Смотри же, шли мне вести каждый час.

В одной минуте — много, много дней.

Как по такому счету я состарюсь,

Пока опять Ромео я увижу.

— У Насти сегодня день рождения. Лучше бы я послал ей телеграмму.

— Она ее получит.

— Но я же ее не посылал… Что ты там написала?

— То, что заслужила Настенька в день своего рождения.

— Ты можешь все испортить. У нас установилась гармония в отношениях. Один фальшивый звук…

— И это вы называете гармонией? Господи, как же я вас ненавижу!

— За что? — упавшим голосом спрашивает Анатолий Васильевич.

— За то, что тогда, в Феодосии, вы поступили, как последний эгоист.

Анатолий Васильевич встает и подходит к окну, нервно барабанит по стеклу пальцами.

— А что бы ты сделала на моем месте?

— Я бы… Я бы сделала ей ребеночка. Чтоб она никуда от меня не делась.

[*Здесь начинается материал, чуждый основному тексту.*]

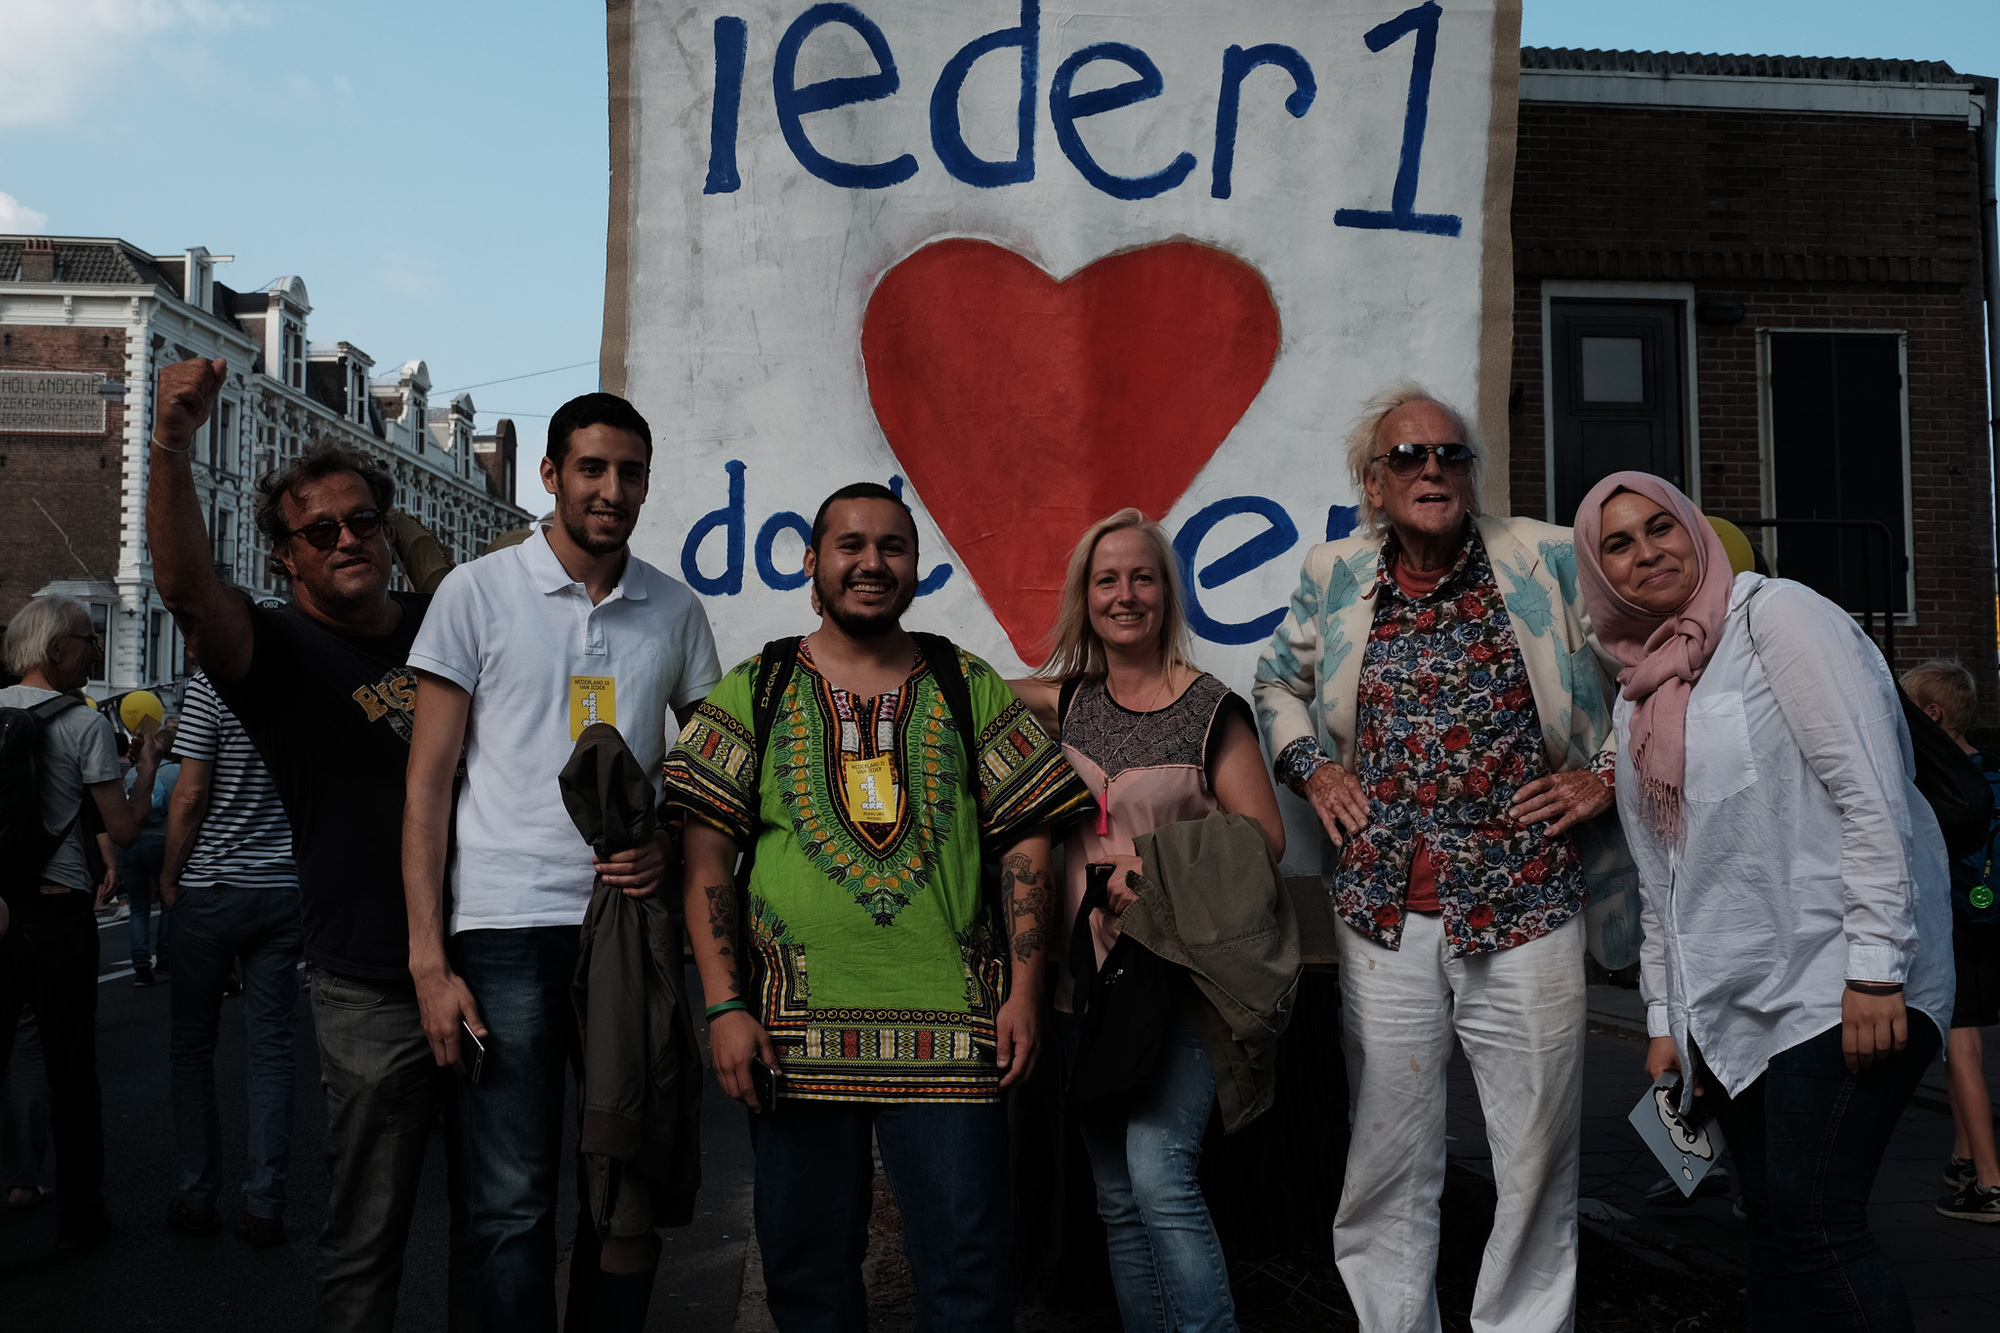 Citinerary Amsterdam Ieder1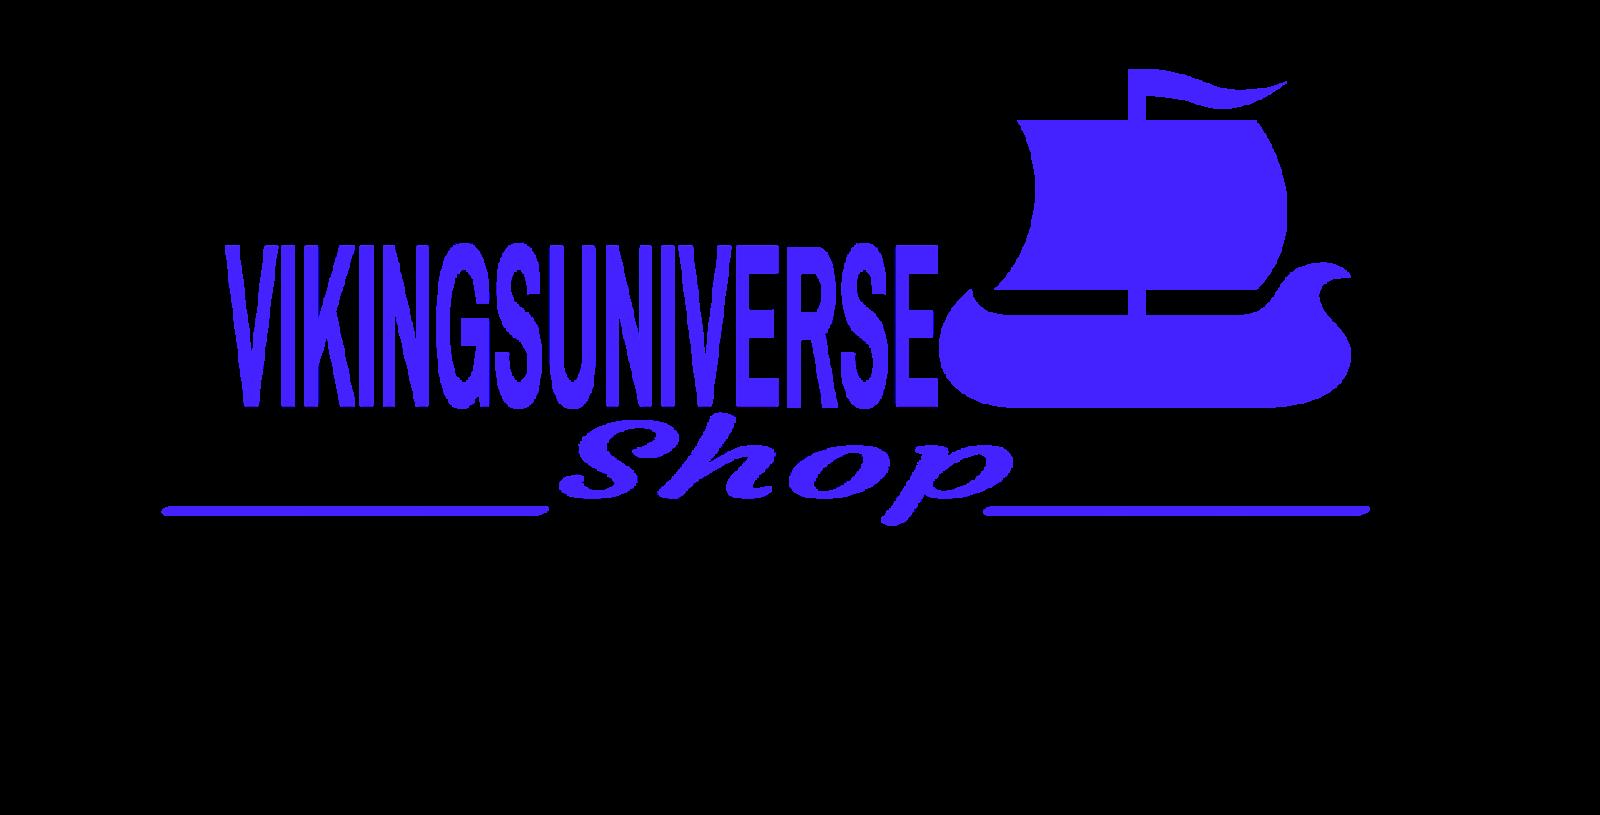 VikingsUniverse

Анатолий Васильевич громко кашляет от неожиданности и смущения.

— Что, слабо, да?

— Не в том дело… Настенька этого не хочет.

— Если захотите вы, она тоже захочет. Вы имеете на нее безграничное влияние.

— Если б это было так.

— Ага, теперь я все поняла! Вы все без исключения хотите подчинить нас своей воле. Катька считает, что это вовсе не плохо подчиниться воле любимого мужчины, раствориться в нем без остатка. Может, это и вправду здорово? А что если Настенька на самом деле не женщина, а настоящий синий чулок?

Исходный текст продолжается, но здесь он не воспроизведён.